DarkVishnya attacks from inside

December 7, 2018

Normally, we start investigating a cyberincident by looking for a source of infection. The source is not difficult to find — we look for an e-mail with a malware attachment or a malicious link, or for a hacked server. As a rule, security specialists have a list of equipment, so all you need to do is figure out which machine started the malicious activity. But what if all of your computers are clean — yet malicious activity is still occurring?

Recently, our experts investigated precisely such a situation. What they found: the attackers physically connected their own equipment to the corporate network.

It does not need a dedicated network connection; it works through a computer's USB port.

This style of attack, dubbed DarkVishnya, begins with a criminal bringing a device to a victim’s office and connecting it to the corporate network. Through that device, they can remotely explore company’s IT infrastructure, intercept passwords, read information from public folders, and much more.

The technical details of this attack can be found in this Securelist post. In this particular case, malefactors targeted several banks in Eastern Europe. However, the method has potential for use against any big company. The bigger the better; it is much simpler to hide a malicious device in a large office — and especially effective if a company has many offices around the world connected to one network.


Investigating this case, our experts encountered three types of devices. We do not yet know whether all of them were planted by one group, or if there were multiple actors, but all attacks used the same principle. The devices involved were:

  • A cheap laptop or netbook. Attackers do not need a flagship model; they can buy a used one, plug in a 3G modem and install a remote-control program.
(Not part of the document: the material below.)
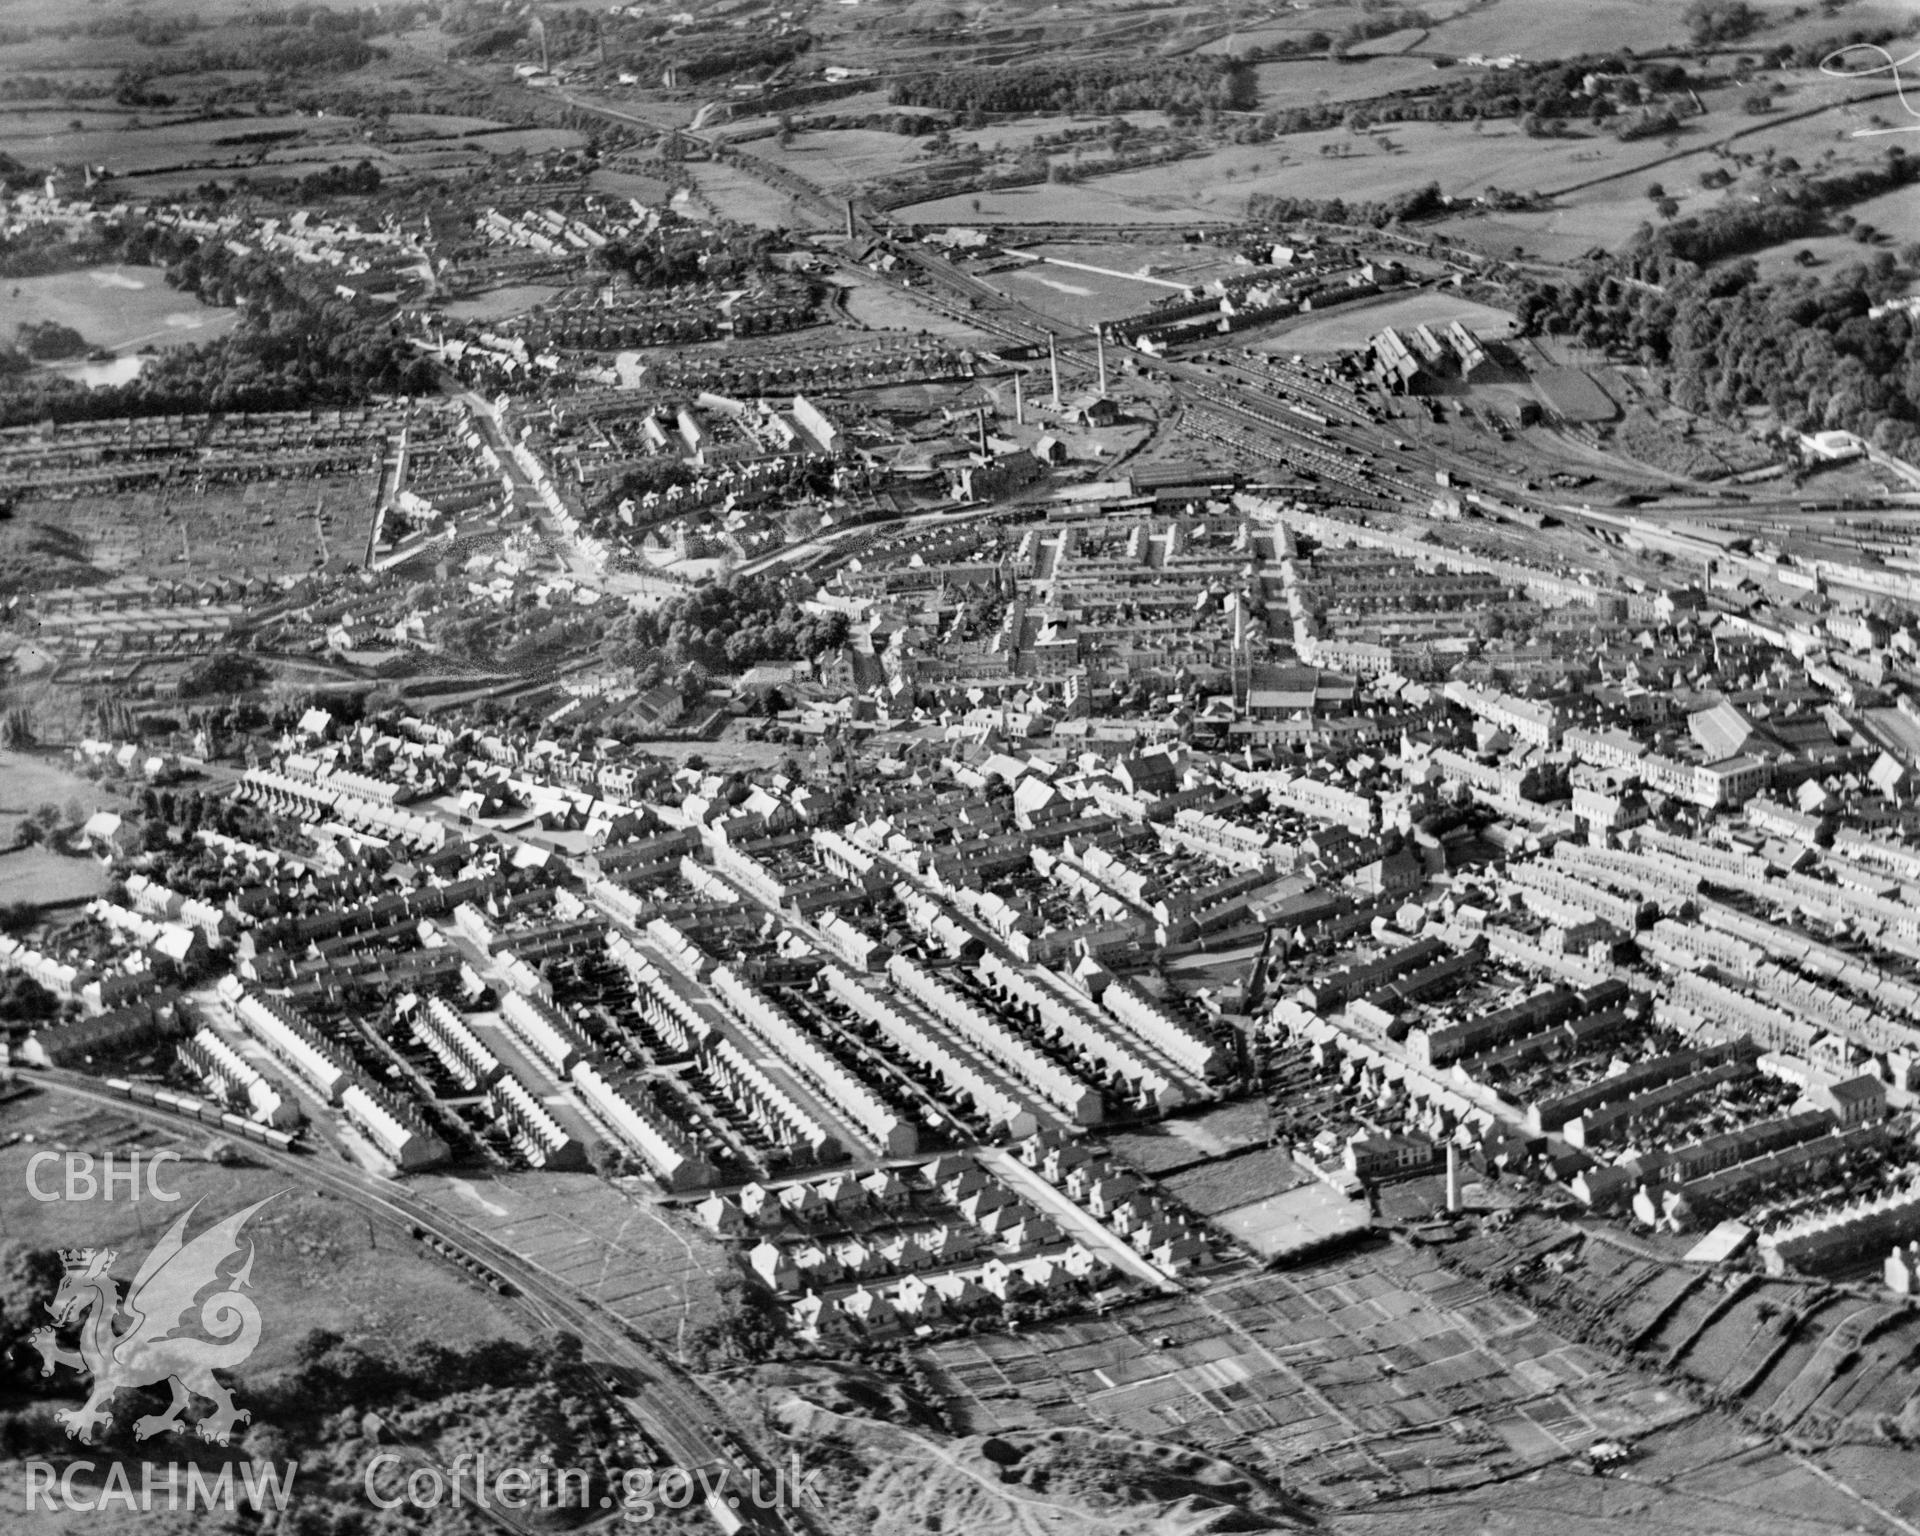 General view of Aberdare, oblique aerial view. 5?x4? black and white glass plate negative.
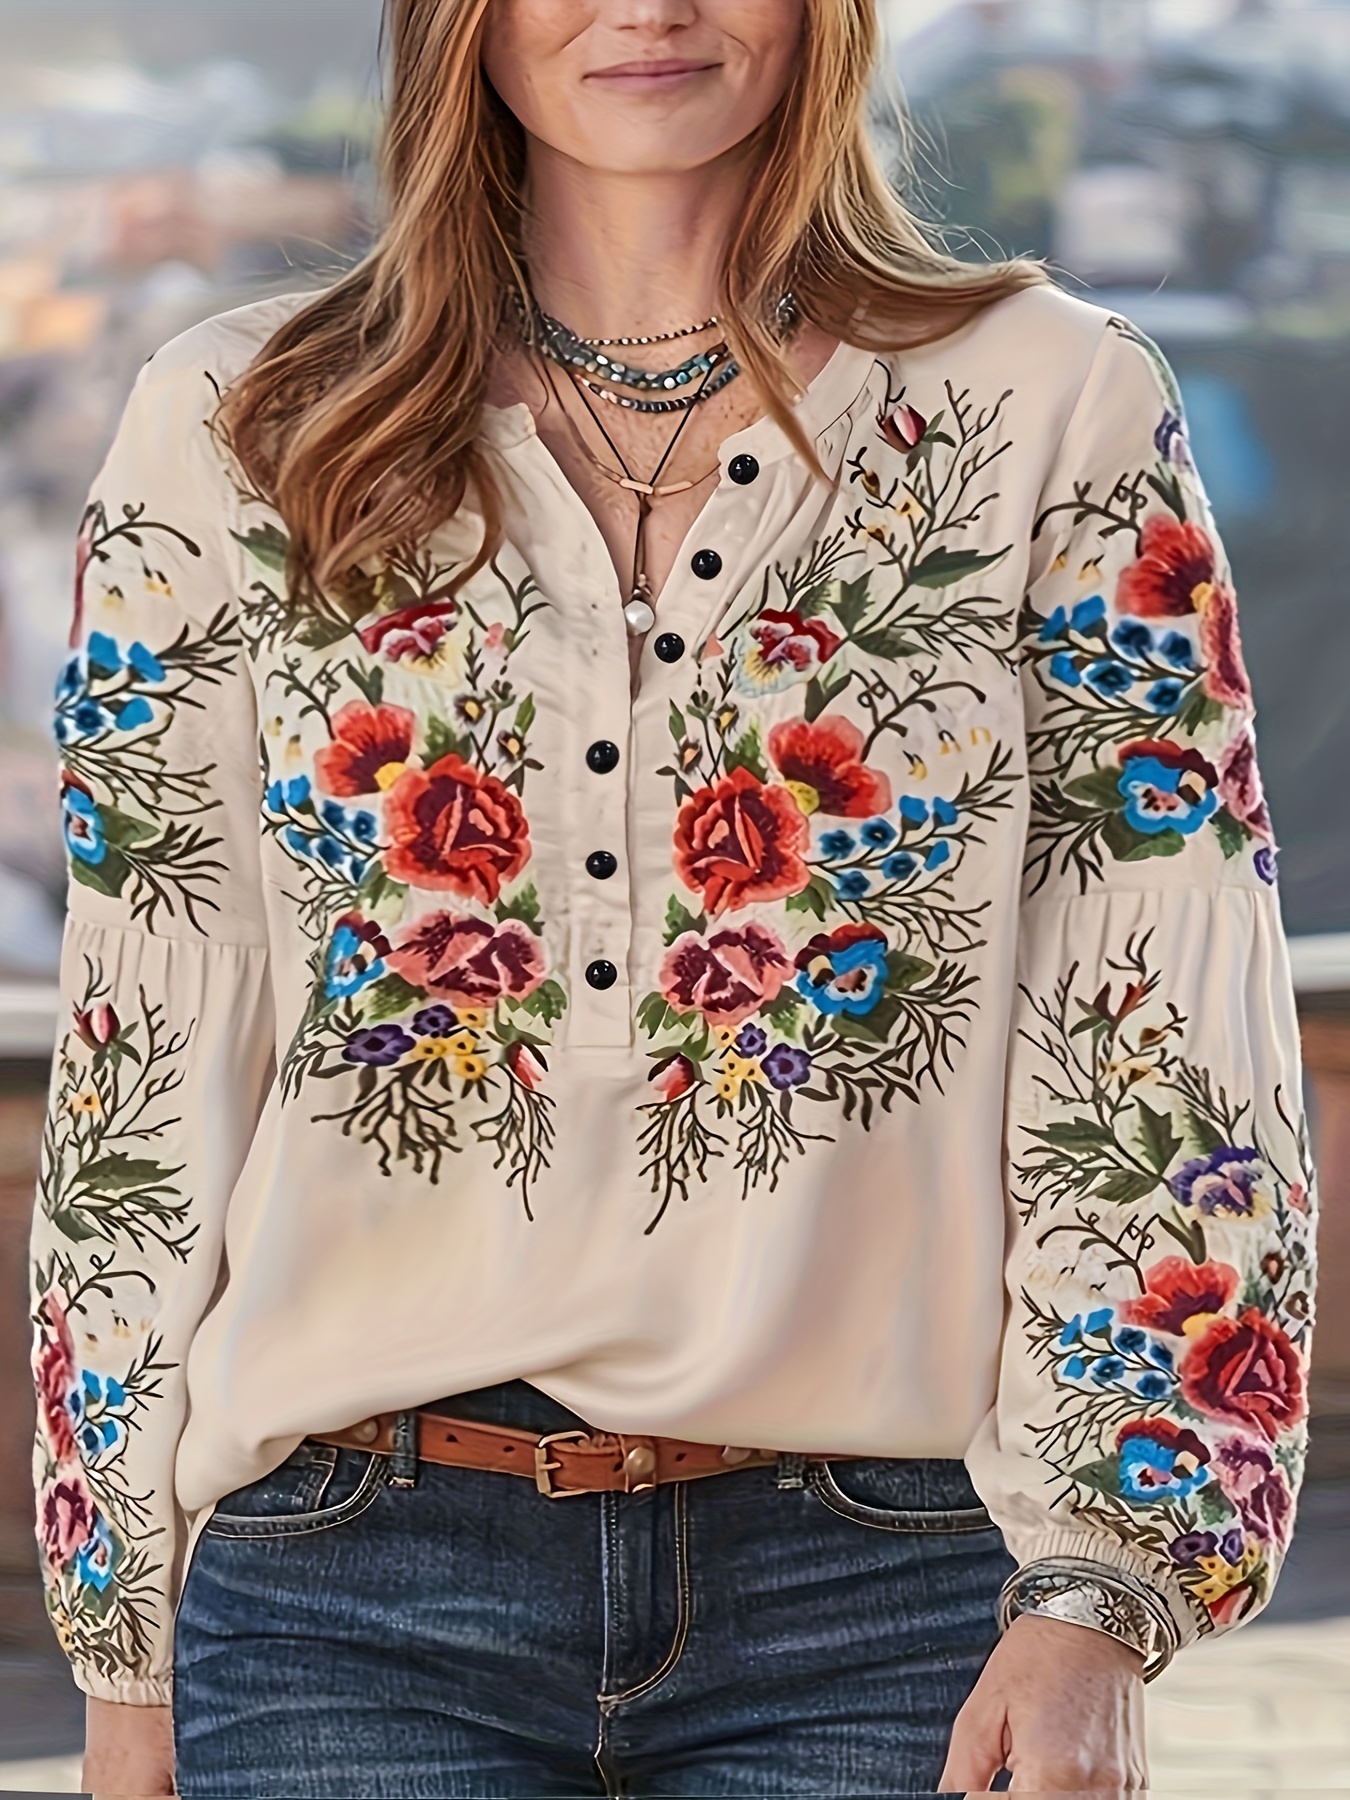 Plus Size Boho Tops for Women Cotton Linen 3/4 Sleeve Graphic Tees Floral  Lace Embroidery Hollow Casual Shirts

They then simply hide the device to evade notice and connect two cables — one to the network and another to a power supply.
  • A Raspberry Pi. A miniature computer that is powered over a USB connection, a Raspberry Pi is inexpensive and inconspicuous — easier to purchase and hide in an office than a laptop. It can be plugged into a computer, where it will be camouflaged between wires, or, for example, in a USB port on a TV in a lobby or waiting area.
  • A Bash Bunny. Intended for use as a tool for penetration testing, the Bash Bunny is freely sold on hacker forums. It does not need a dedicated network connection; it works through a computer’s USB port. On the one hand, that makes it easier to hide — it looks like a flash drive. On the other hand, device control technology can react to it immediately, making this option less likely to succeed.

How are they connected?

Even in companies where security issues are taken seriously, planting such a device is not impossible. Couriers, job seekers, and representatives of clients and partners are commonly allowed into offices, so malefactors can try to impersonate any of them.

An additional risk: Ethernet sockets are installed almost everywhere in offices — in corridors, meeting rooms, halls, and so forth. Look around the average business center and you’ll probably find somewhere to hide a small device connected to the network and to a power supply.

What should you do?

This attack has at least one weak spot — an attacker must come to the office and physically attach a device. Therefore, you should start by restricting access to the network from places accessible by outsiders.

  • Disconnect unused Ethernet outlets in public areas. If that is not possible, at least isolate them on a separate network segment.
  • Situate Ethernet sockets in view of security cameras (that could be a deterrent or will at least be helpful in case you need to investigate an incident).
  • Use a security solution with reliable device control technologies (for example, Kaspersky Endpoint Security for Business).
  • Consider using a specialized solution for monitoring anomalies and suspicious activity on the network (for example, Kaspersky Anti Targeted Attack Platform).